◆ **Your assignment**:
Once you find the line below that has "Terrace One Bedroom Suite Floor Plan", output it and every line after it exactly, stopping after the line that has "08: Berit Sivertsen", with no pictures.

-- Supplied data follows --

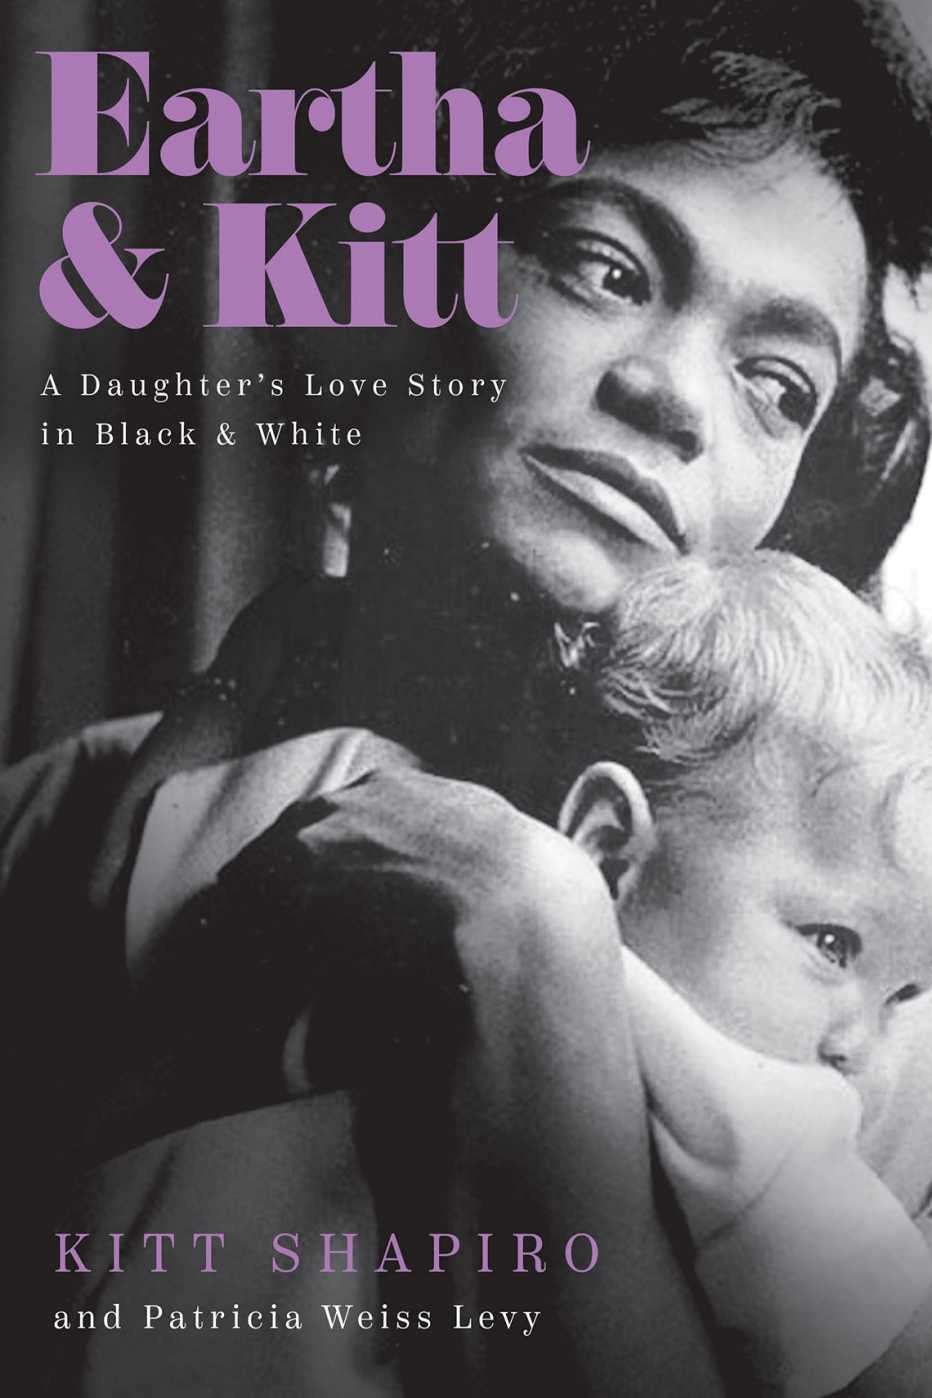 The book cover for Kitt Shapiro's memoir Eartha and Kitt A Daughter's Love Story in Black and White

-- Supplied data concluded --
-- Supplied data follows --

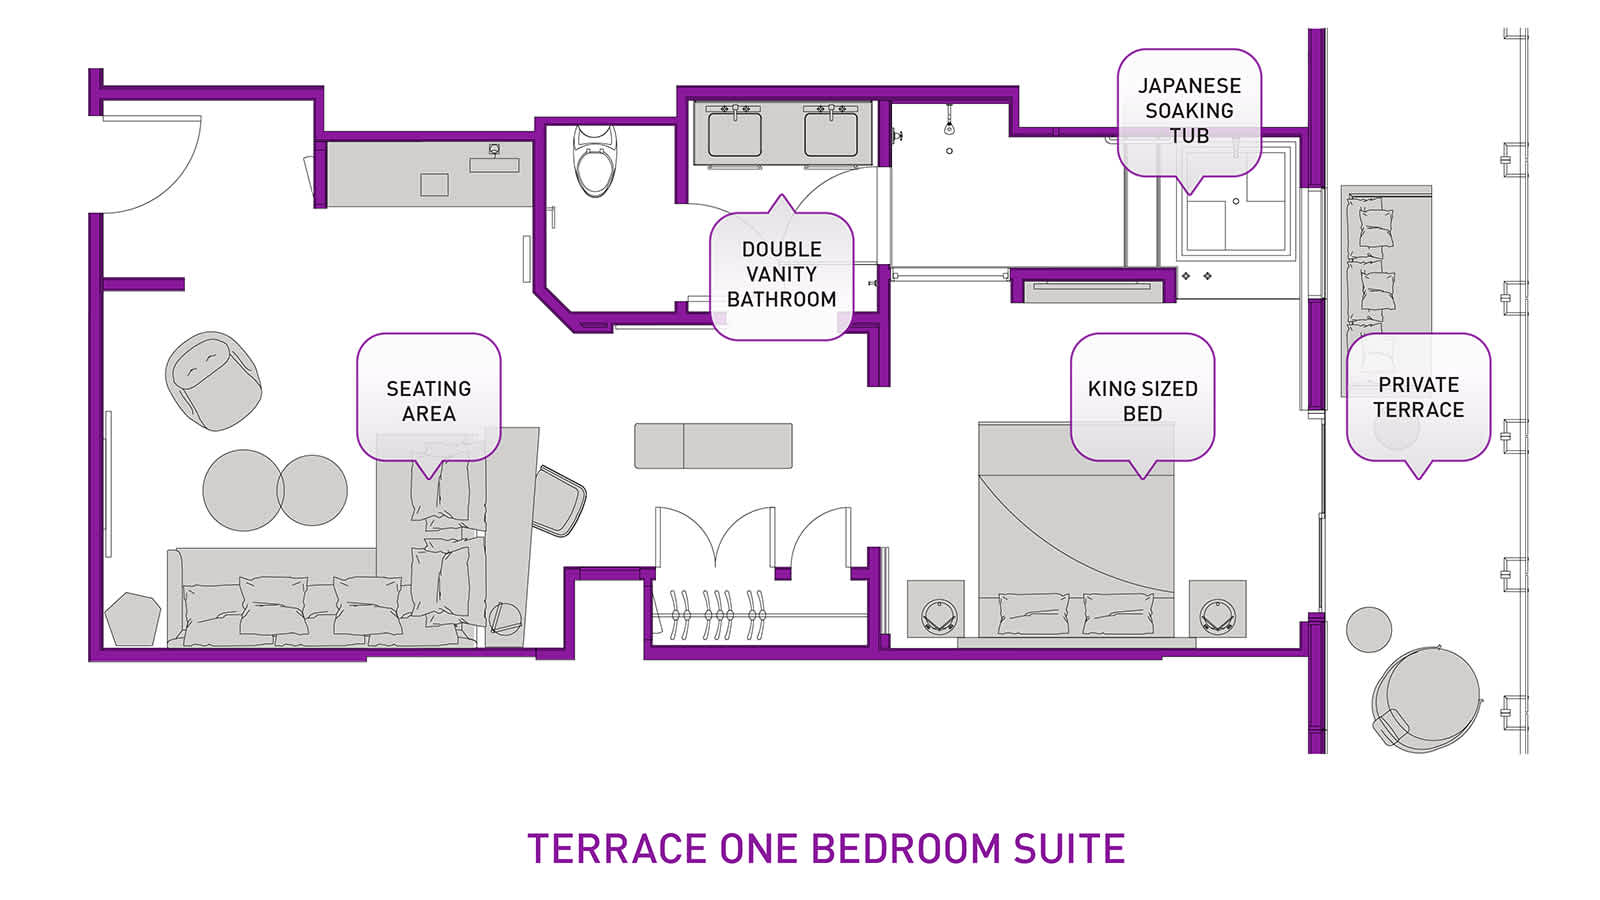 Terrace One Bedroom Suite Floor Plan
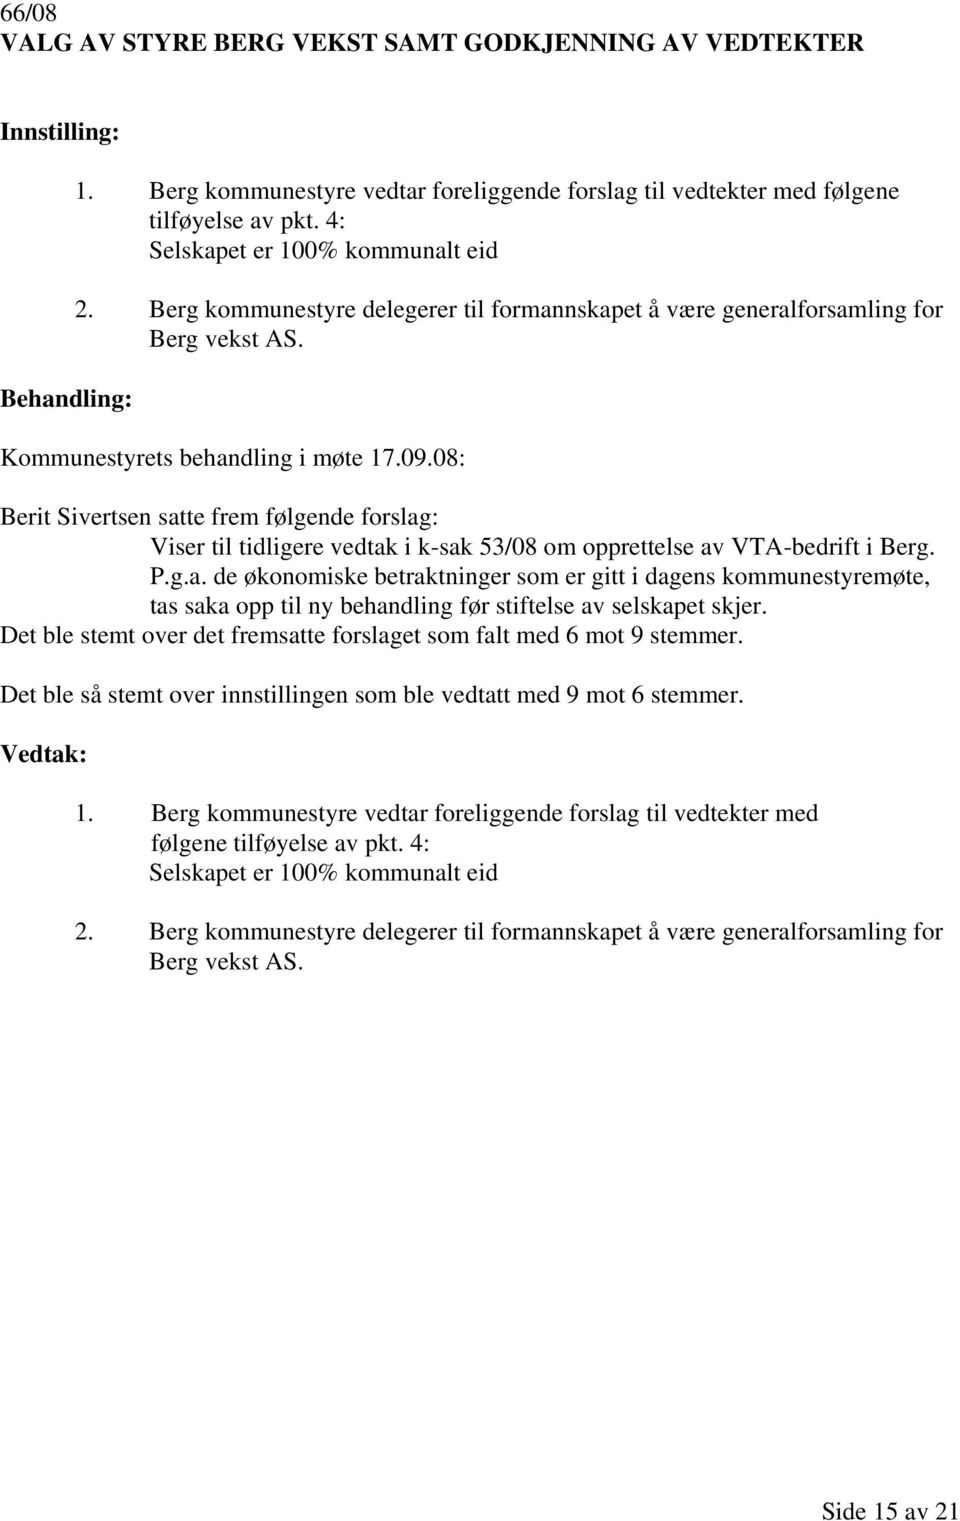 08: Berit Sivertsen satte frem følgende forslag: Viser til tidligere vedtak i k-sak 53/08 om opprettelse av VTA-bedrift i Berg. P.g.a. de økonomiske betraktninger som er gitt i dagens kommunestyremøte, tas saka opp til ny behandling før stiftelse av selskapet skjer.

-- Supplied data concluded --

◆ **Result for this task**:
 Terrace One Bedroom Suite Floor Plan
 08: Berit Sivertsen satte frem følgende forslag: Viser til tidligere vedtak i k-sak 53/08 om opprettelse av VTA-bedrift i Berg. P.g.a. de økonomiske betraktninger som er gitt i dagens kommunestyremøte, tas saka opp til ny behandling før stiftelse av selskapet skjer.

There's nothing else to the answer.